Records for this exercise section start

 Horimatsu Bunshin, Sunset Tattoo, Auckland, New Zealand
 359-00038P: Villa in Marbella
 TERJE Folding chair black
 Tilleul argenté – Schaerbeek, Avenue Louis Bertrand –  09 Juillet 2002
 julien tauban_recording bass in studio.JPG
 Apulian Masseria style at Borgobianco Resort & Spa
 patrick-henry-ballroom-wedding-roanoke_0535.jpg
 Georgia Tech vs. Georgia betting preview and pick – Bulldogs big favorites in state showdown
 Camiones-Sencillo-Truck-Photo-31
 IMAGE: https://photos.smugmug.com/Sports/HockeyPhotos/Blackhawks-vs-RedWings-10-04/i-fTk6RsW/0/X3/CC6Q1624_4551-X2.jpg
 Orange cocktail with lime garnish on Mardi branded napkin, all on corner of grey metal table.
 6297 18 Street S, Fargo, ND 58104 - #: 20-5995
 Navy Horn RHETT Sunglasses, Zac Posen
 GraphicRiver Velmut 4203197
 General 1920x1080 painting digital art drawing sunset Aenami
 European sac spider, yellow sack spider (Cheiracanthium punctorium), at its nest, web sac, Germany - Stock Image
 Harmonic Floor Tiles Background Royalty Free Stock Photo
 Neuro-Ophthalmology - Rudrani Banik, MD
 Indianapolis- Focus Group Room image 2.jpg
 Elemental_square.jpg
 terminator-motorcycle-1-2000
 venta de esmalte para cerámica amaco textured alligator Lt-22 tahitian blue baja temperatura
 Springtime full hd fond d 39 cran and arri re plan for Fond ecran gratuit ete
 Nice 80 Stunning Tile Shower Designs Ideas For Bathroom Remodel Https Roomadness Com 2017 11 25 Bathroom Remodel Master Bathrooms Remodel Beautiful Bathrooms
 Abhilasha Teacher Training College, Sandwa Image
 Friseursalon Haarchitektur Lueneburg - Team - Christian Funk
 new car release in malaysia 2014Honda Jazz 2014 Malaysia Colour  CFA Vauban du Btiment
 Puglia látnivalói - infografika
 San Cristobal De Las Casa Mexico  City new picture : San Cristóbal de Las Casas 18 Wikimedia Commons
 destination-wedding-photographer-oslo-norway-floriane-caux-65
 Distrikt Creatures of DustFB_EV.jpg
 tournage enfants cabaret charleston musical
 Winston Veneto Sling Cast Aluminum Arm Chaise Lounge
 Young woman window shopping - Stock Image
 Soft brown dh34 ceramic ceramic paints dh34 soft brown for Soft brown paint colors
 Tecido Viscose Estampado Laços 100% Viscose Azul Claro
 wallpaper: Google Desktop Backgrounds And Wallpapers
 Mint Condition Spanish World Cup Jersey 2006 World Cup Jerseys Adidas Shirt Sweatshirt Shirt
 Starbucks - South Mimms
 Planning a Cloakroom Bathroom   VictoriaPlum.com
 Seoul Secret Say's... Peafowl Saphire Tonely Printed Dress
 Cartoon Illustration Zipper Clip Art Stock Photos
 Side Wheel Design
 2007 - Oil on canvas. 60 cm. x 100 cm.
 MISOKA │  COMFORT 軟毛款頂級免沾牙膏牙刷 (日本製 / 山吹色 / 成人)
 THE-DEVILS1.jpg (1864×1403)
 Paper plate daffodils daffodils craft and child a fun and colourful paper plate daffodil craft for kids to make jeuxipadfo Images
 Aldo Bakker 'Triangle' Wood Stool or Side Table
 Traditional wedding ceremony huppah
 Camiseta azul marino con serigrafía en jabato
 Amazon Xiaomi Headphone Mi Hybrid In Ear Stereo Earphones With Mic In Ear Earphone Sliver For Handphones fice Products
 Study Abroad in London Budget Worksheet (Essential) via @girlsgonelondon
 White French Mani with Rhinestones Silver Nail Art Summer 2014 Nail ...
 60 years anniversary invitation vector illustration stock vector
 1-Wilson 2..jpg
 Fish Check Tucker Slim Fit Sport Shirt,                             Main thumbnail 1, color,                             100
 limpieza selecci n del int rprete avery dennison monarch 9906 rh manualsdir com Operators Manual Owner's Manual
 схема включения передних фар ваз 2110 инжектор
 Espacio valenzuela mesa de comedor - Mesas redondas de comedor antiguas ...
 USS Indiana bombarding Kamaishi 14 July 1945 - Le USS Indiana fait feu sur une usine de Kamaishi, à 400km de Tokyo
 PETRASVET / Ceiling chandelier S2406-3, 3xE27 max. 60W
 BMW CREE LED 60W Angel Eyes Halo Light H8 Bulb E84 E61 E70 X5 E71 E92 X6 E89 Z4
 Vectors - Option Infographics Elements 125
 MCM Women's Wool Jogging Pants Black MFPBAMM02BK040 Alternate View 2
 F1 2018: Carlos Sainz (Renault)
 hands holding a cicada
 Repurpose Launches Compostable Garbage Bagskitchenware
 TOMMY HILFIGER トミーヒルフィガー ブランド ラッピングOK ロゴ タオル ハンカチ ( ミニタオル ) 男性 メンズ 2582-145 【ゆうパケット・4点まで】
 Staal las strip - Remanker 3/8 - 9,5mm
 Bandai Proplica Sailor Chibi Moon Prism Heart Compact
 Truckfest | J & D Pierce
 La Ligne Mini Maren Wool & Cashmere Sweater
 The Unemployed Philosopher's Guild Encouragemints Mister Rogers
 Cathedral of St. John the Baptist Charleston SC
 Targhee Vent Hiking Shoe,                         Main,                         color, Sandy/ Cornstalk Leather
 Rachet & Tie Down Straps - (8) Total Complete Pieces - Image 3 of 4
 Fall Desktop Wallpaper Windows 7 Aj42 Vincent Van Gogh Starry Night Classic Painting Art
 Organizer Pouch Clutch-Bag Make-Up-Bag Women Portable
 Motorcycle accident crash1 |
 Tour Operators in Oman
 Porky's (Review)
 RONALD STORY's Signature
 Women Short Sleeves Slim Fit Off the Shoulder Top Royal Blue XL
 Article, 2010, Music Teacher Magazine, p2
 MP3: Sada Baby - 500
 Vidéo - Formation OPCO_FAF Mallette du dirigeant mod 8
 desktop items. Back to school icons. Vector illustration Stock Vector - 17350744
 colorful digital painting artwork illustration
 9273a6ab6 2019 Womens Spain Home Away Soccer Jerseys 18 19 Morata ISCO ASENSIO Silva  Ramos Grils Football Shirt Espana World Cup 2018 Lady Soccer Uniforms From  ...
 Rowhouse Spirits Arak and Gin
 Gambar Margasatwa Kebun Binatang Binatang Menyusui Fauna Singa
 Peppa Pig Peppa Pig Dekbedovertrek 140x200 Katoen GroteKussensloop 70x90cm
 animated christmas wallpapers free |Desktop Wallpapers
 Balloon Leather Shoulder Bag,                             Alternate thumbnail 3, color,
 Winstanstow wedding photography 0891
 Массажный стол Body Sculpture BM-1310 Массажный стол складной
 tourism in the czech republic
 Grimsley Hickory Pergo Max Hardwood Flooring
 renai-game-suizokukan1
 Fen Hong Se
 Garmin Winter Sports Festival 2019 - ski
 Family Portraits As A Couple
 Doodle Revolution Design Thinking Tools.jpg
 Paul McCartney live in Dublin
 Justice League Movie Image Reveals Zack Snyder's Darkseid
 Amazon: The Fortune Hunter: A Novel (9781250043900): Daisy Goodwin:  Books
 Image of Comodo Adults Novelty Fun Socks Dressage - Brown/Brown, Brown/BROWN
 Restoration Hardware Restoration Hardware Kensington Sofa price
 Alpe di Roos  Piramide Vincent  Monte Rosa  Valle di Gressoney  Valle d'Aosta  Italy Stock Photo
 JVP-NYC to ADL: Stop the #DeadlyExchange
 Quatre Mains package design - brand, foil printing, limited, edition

Records for this exercise section end

Problem requirements =
Start with the line above that contains "venta de esmalte" and end with the line that contains "White French Mani". Write out those lines exactly, and only those.

Reply =
 venta de esmalte para cerámica amaco textured alligator Lt-22 tahitian blue baja temperatura
 Springtime full hd fond d 39 cran and arri re plan for Fond ecran gratuit ete
 Nice 80 Stunning Tile Shower Designs Ideas For Bathroom Remodel Https Roomadness Com 2017 11 25 Bathroom Remodel Master Bathrooms Remodel Beautiful Bathrooms
 Abhilasha Teacher Training College, Sandwa Image
 Friseursalon Haarchitektur Lueneburg - Team - Christian Funk
 new car release in malaysia 2014Honda Jazz 2014 Malaysia Colour  CFA Vauban du Btiment
 Puglia látnivalói - infografika
 San Cristobal De Las Casa Mexico  City new picture : San Cristóbal de Las Casas 18 Wikimedia Commons
 destination-wedding-photographer-oslo-norway-floriane-caux-65
 Distrikt Creatures of DustFB_EV.jpg
 tournage enfants cabaret charleston musical
 Winston Veneto Sling Cast Aluminum Arm Chaise Lounge
 Young woman window shopping - Stock Image
 Soft brown dh34 ceramic ceramic paints dh34 soft brown for Soft brown paint colors
 Tecido Viscose Estampado Laços 100% Viscose Azul Claro
 wallpaper: Google Desktop Backgrounds And Wallpapers
 Mint Condition Spanish World Cup Jersey 2006 World Cup Jerseys Adidas Shirt Sweatshirt Shirt
 Starbucks - South Mimms
 Planning a Cloakroom Bathroom   VictoriaPlum.com
 Seoul Secret Say's... Peafowl Saphire Tonely Printed Dress
 Cartoon Illustration Zipper Clip Art Stock Photos
 Side Wheel Design
 2007 - Oil on canvas. 60 cm. x 100 cm.
 MISOKA │  COMFORT 軟毛款頂級免沾牙膏牙刷 (日本製 / 山吹色 / 成人)
 THE-DEVILS1.jpg (1864×1403)
 Paper plate daffodils daffodils craft and child a fun and colourful paper plate daffodil craft for kids to make jeuxipadfo Images
 Aldo Bakker 'Triangle' Wood Stool or Side Table
 Traditional wedding ceremony huppah
 Camiseta azul marino con serigrafía en jabato
 Amazon Xiaomi Headphone Mi Hybrid In Ear Stereo Earphones With Mic In Ear Earphone Sliver For Handphones fice Products
 Study Abroad in London Budget Worksheet (Essential) via @girlsgonelondon
 White French Mani with Rhinestones Silver Nail Art Summer 2014 Nail ...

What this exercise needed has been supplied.